* **TASK BRIEF**: From the records below, set down exactly the lines starting with the line that contains "Acne Studios Batilda" and going on through the line that contains "You are currently". Nothing else is wanted.

* **SUPPLIED RECORDS**:

####################

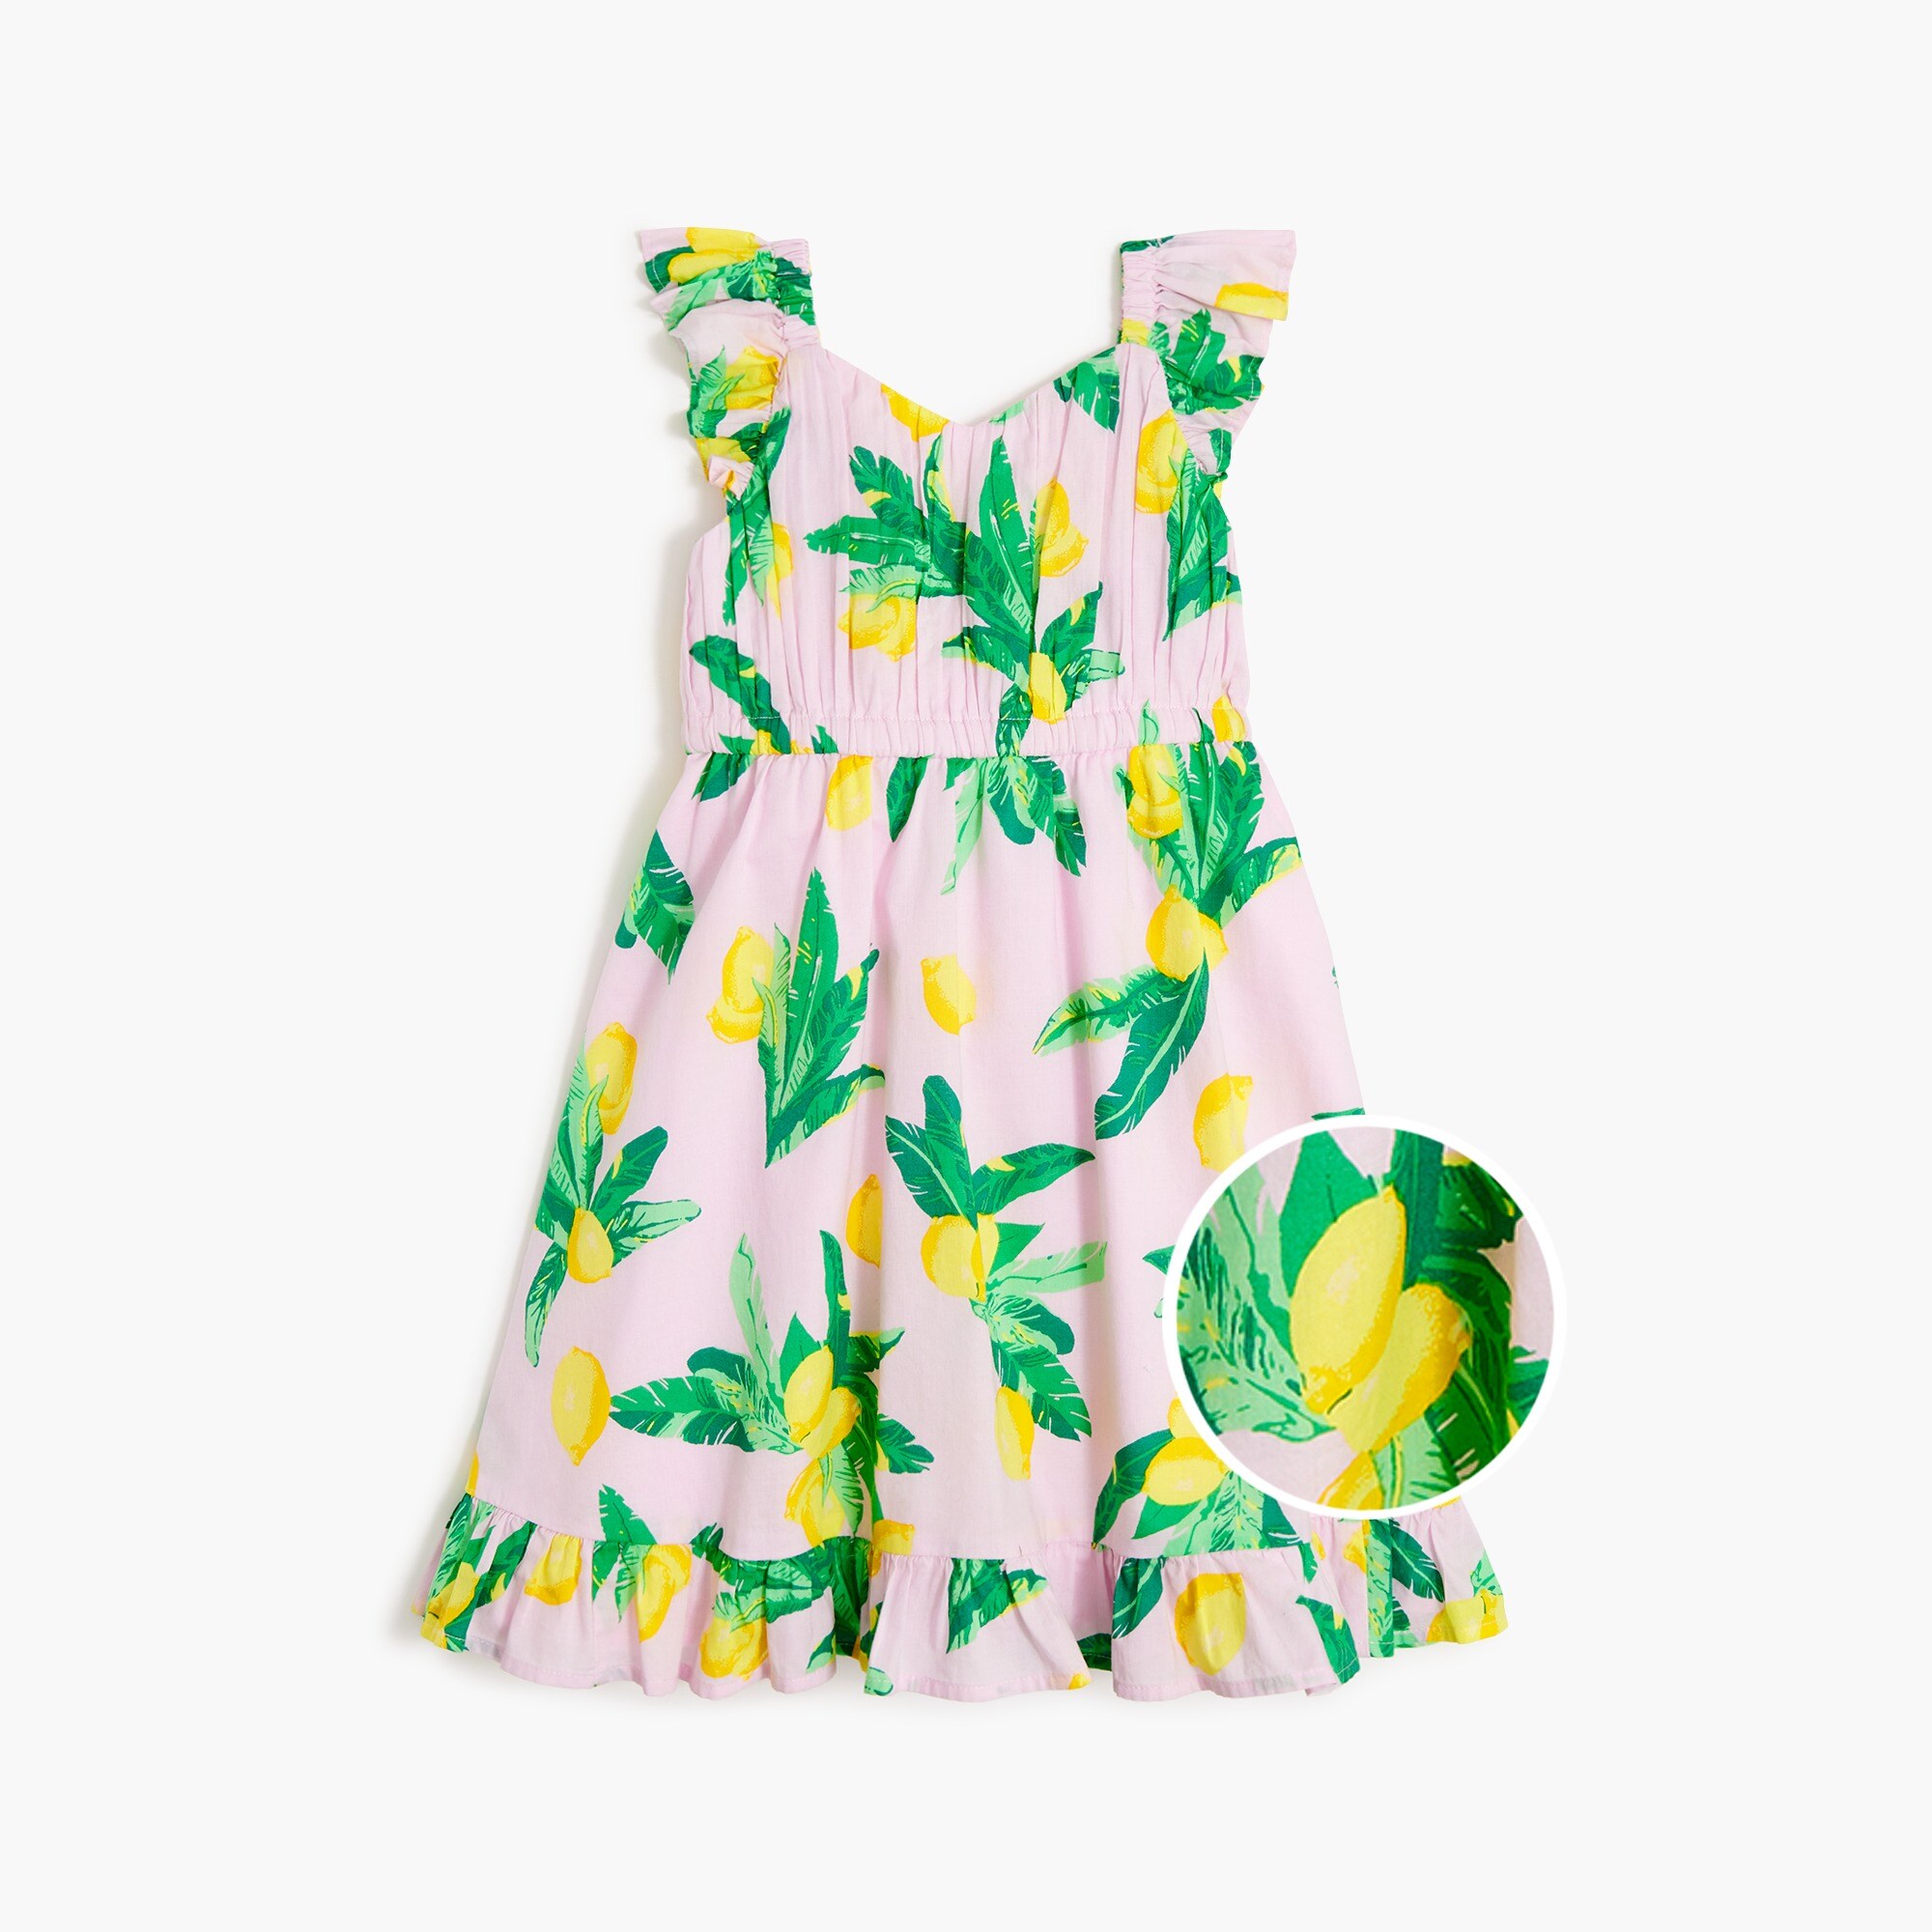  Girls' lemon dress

####################

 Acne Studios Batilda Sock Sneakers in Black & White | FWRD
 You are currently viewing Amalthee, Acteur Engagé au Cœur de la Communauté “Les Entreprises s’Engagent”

####################

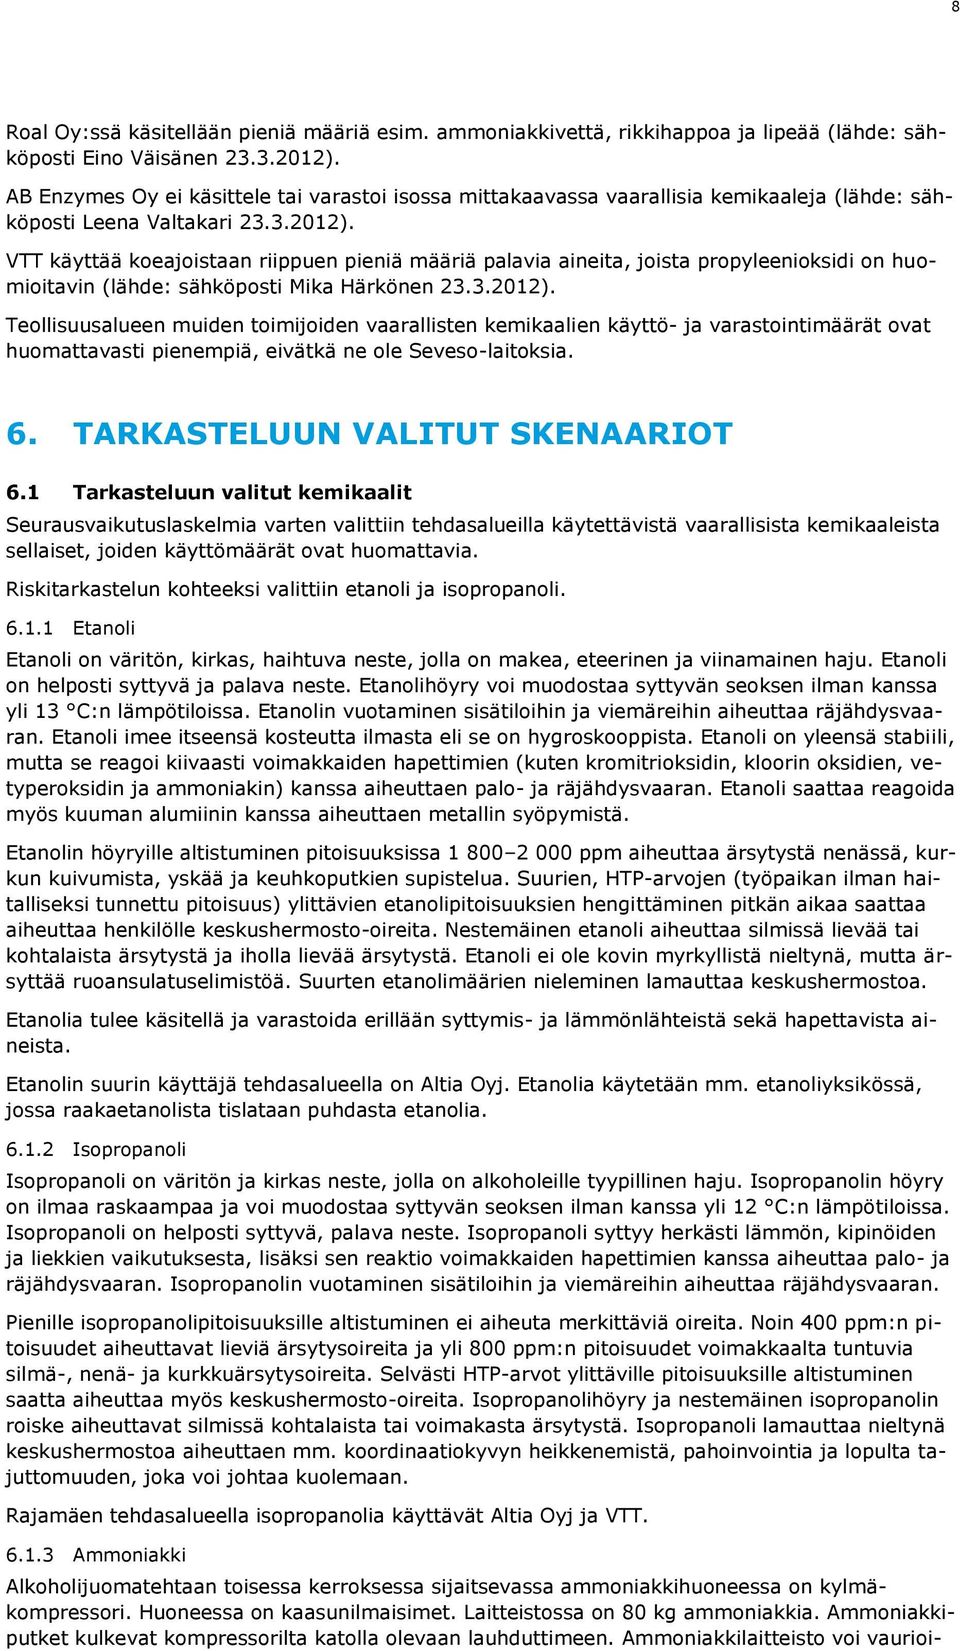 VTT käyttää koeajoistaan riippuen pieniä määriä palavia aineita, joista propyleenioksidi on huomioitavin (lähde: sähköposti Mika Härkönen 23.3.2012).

####################

* **ANSWER TO THIS TASK**:
 Acne Studios Batilda Sock Sneakers in Black & White | FWRD
 You are currently viewing Amalthee, Acteur Engagé au Cœur de la Communauté “Les Entreprises s’Engagent”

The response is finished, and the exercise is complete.